# Chamber Vacs



## Bill13 (Feb 10, 2014)

Still looking at chamber vacs and have found one I really think fits the bill, the VacMaster VP-120. It's pretty new so there are no reviews out on it, at least none I could find - anybody here have one or used one?

It looks like an upgrade over the VP-112 because the lid is glass and I like the small footprint. On the negative side the chamber is a bit smaller.


----------



## AFKitchenknivesguy (Feb 10, 2014)

They look like the same specs except for a few measurements. I think the lid for the 112 is pretty solid even if it's plastic, I don't know what the glass lid would do to improve it. I didn't see the weight for the 120, but the 112 weighs 50lbs and is one of the reasons people buy it; they can move it when not in use.

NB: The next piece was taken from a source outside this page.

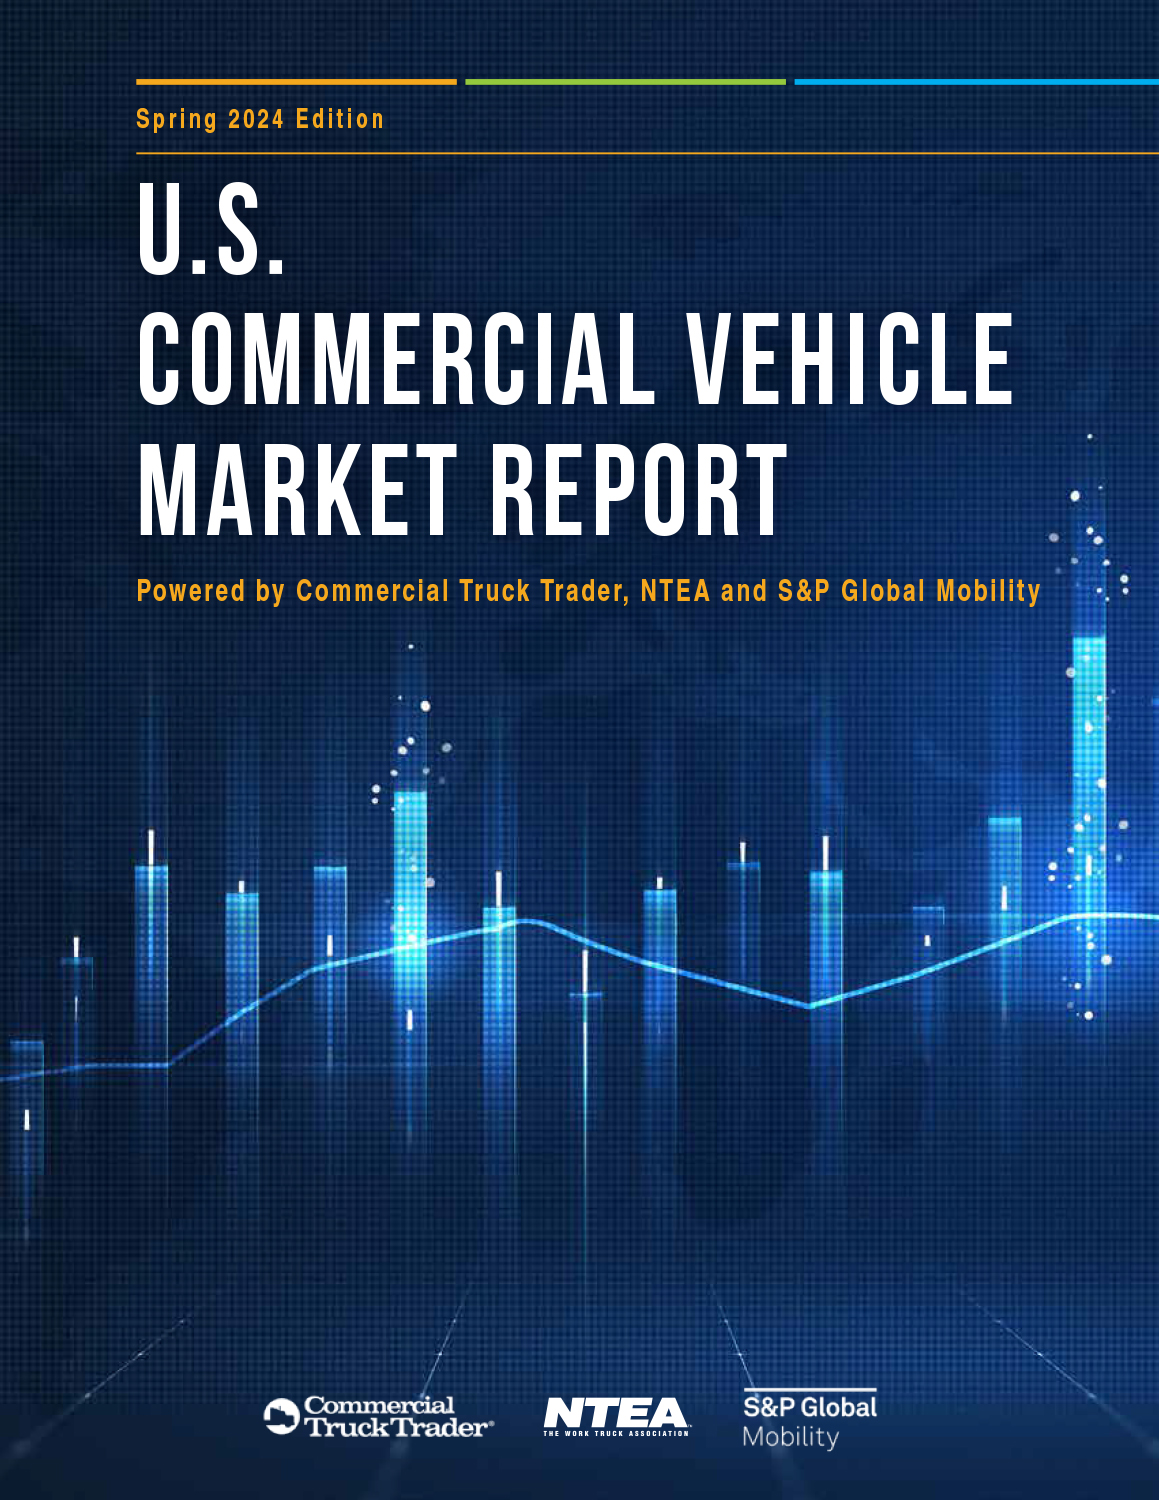 U.S. Commercial Vehicle Market Report (Spring 2024 Edition)

Sounds like space is important to you, but it's also a couple of hundred dollars more for the same internals. Good luck with your choice.


----------



## Ucmd (Feb 11, 2014)

I got the vac master vp 210. It rocks.


----------



## foodaholic (Feb 11, 2014)

Ucmd said:


> I got the vac master vp 210. It rocks.



Where did you buy yours from? Do you find yourself wishing you had a little bigger chamber at all?


----------



## Bill13 (Feb 11, 2014)

On Amazon there were enough people saying their lids had developed cracks which was affecting their ability to pull vacuum to concern me. VacMaster was giving them new ones free of charge but I was thinking what happens when it's out of warranty.

The size is more important to me wife - in this case smaller is better We are planning on keeping it out on the counter and wanted something that did not come out all the way to the edge. The 120 weighs about 4 pds more so no worries there.

I'm not happy with the difference in price. The cheapest I can find it is for 799, and you are right the VP112 is only 549, although I think that is a recent drop as I thought they were more like 649 when I first started looking around 6 months ago.


----------



## Bill13 (Feb 11, 2014)

The vp215 is what I would really like to get but at 84 pds I'm not sure. I need to revisit the 210 - it's cheaper that the 120 which makes no sense to me.


----------



## rahimlee54 (Feb 12, 2014)

Poly Science 300 is what I am waiting for. It has a % vacuum and is made by minipack if my memory serves me correctly. I want to see a few reviews of it but I will probably grab that one. It still has a sealed pump and isn't very fast but its decently priced.


----------



## Bill13 (Feb 12, 2014)

rahimlee54 said:


> Poly Science 300 is what I am waiting for. It has a % vacuum and is made by minipack if my memory serves me correctly. I want to see a few reviews of it but I will probably grab that one. It still has a sealed pump and isn't very fast but its decently priced.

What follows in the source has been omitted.